A prior historic text is usually proven to have been taken as historic by a subsequent one. Hence the importance to go backwards in history, just as we would do within "living (or recently dead) memory" - and the objections to miracles in Genesis are philosophically also objections to those in the Gospels. I have also given (at the very latest in previous instalment) a good argument why miracles should NOT be proven (typically) in laboratory settings.

Now, Henke wants to take up an argument, and it involves a discussion he has declained.

Meanwhile, Price (2007), Carrier (2014), Loftus (2010), Loftus (2011) and other works argue that the Resurrection of Christ is a myth.
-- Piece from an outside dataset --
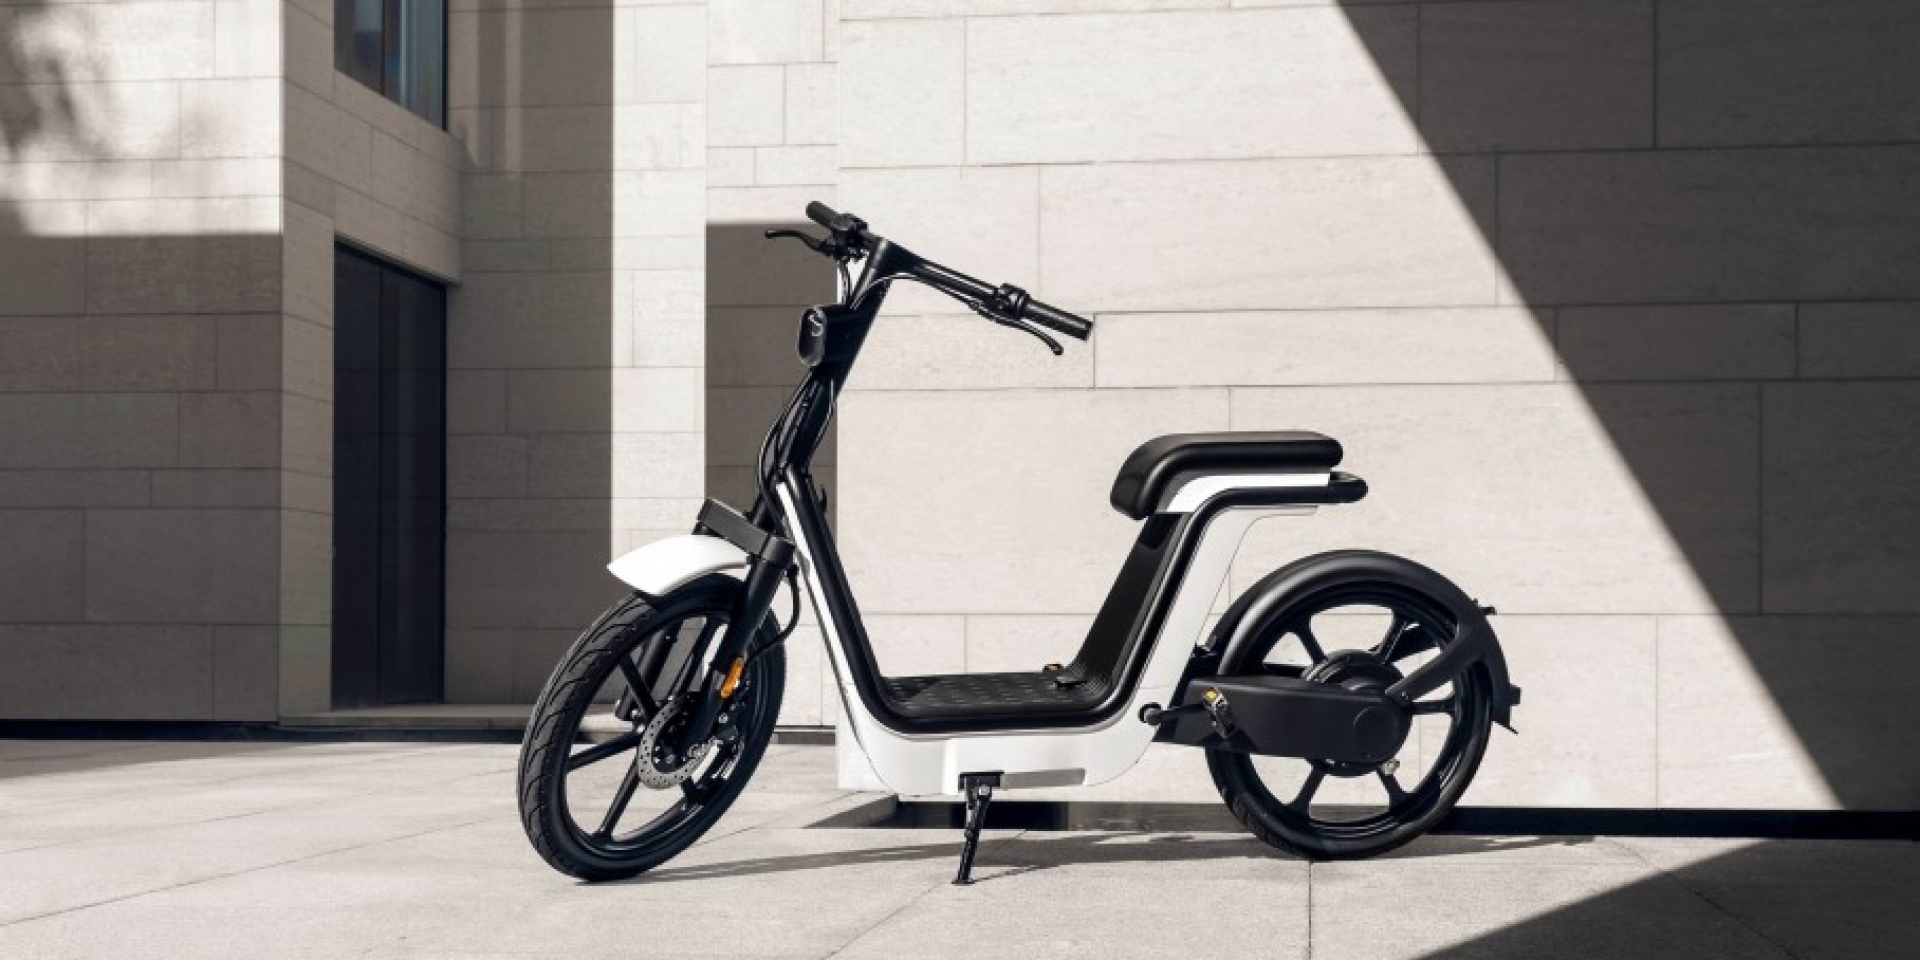 MUJI無印良品 x Honda聯手打造電動自行車  簡約時尚外型首發限量5000台
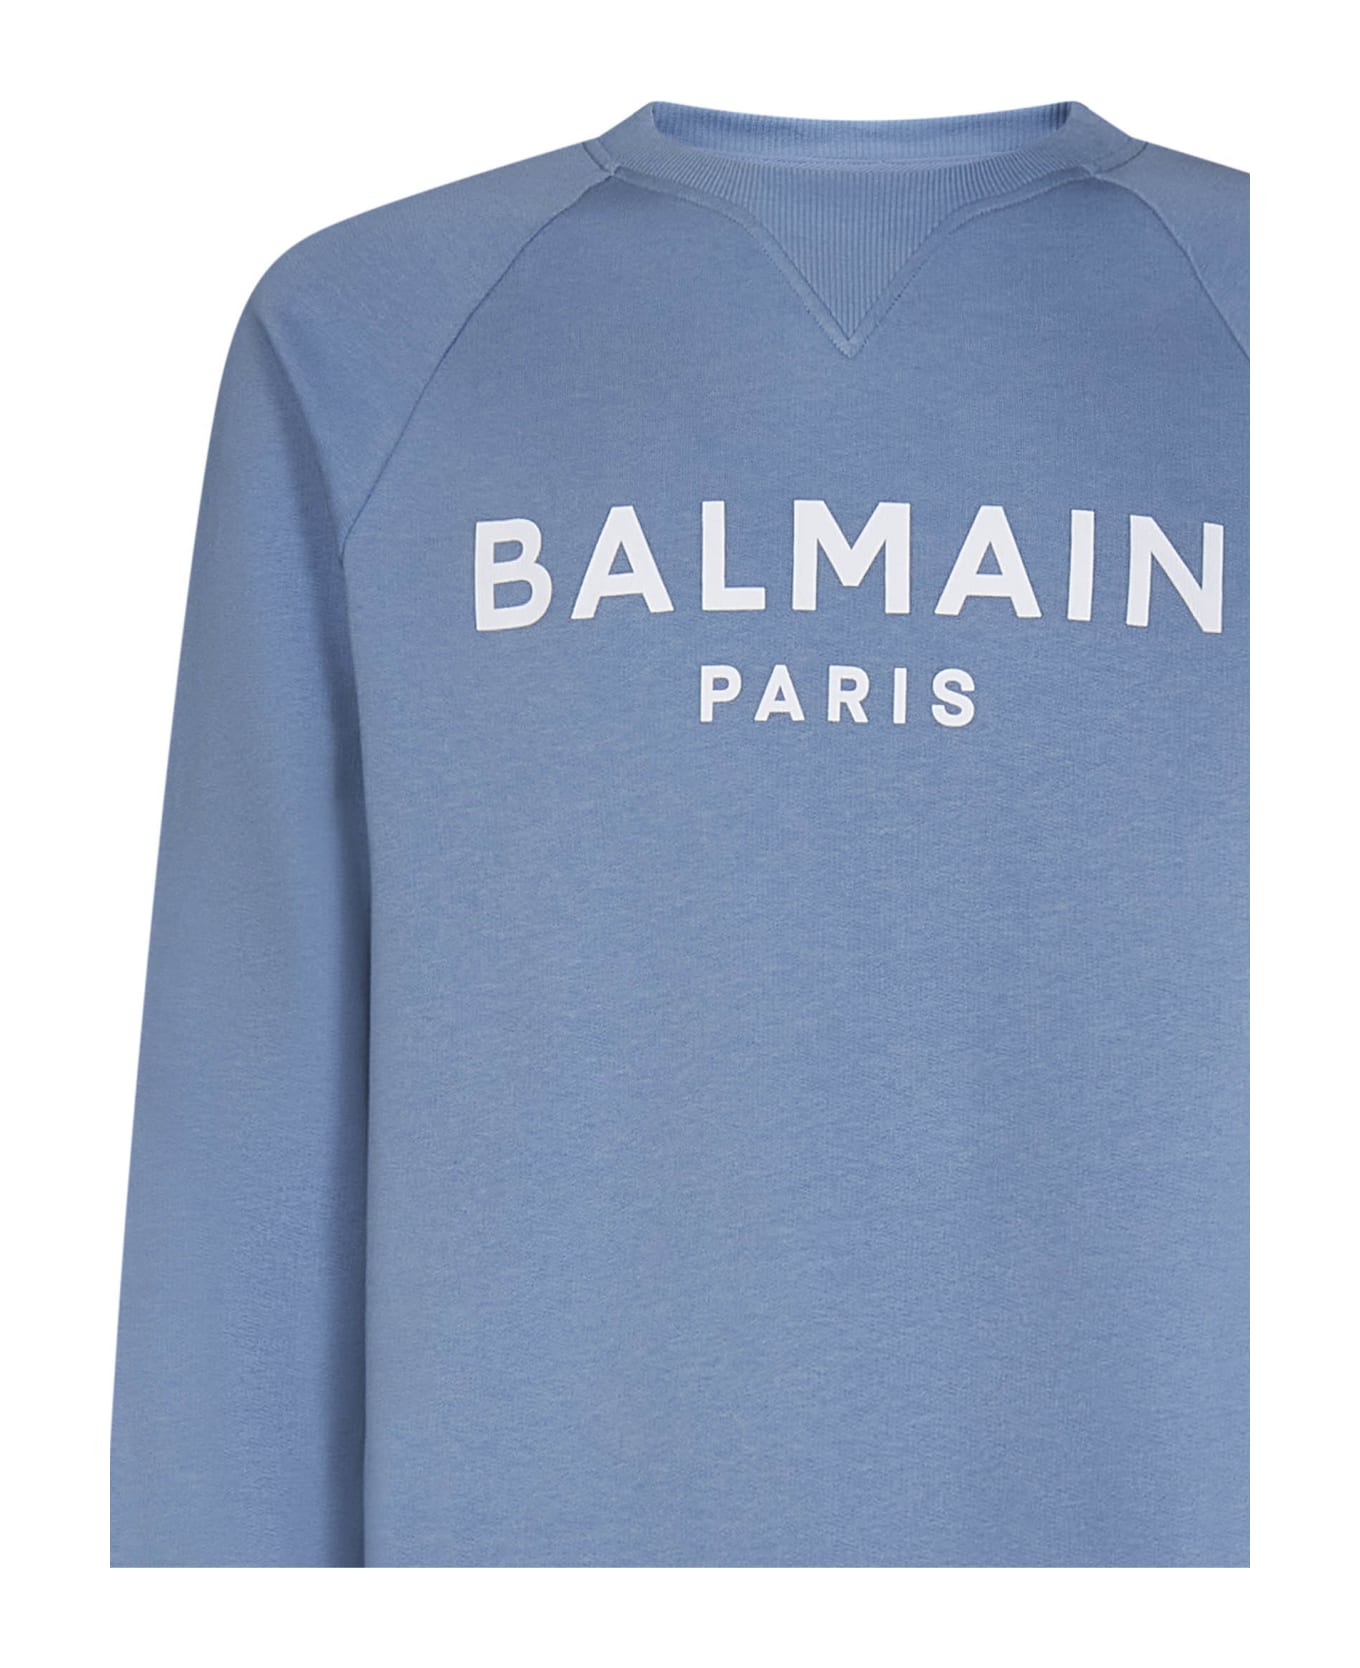 Balmain Paris  Paris Sweatshirt - Blue

But Henke has so far declined a discussion of the Trojan War - one of the stories often claimed as "myth" - and he has also considered my "showing off" Classical myth as irrelevant to the discussion. He is contradicting himself or doing another quod licet Iovi non licet bovi : when Carrier and Loftus use the word "myth" they can do it, because they are important or it is relevant to the discussion because it supports Henke's point. When I use the word "myth" or rather deal with examples usually so labelled, I can't because I am unimportant or it is irrelevant to the discussion because I do not support Henke's or their point.

Meanwhile, Henke's chosen authorities are not an appeal to anything like impartial expertise, these guys aren't the general academia any more than John Calvin or John Knox was Desiderius Erasmus.

Henke (2022at): “Lundahl (2022a-p) Avoids Using or Checking My Peer-Review References and Prefers Less Reliable Websites and Outdated Books”

Why does he often avoid them and prefer less reliable sources, such as Wikipedia articles


I would argue, wikipedians overall are a less narrow group than any given reference with any given peer review. They are also easier to check. I would say that Henke's references are often longer works and I have so much time to dedicate to my debate with Henke, I am NOT treating him as any kind of Academic mentor, and I do not want him to imagine he can treat me as if I were or as if I ought to be doing so.

or outdated 18th to 19th century religious books, such as the opinions of 18th century Bishop Richard Challoner?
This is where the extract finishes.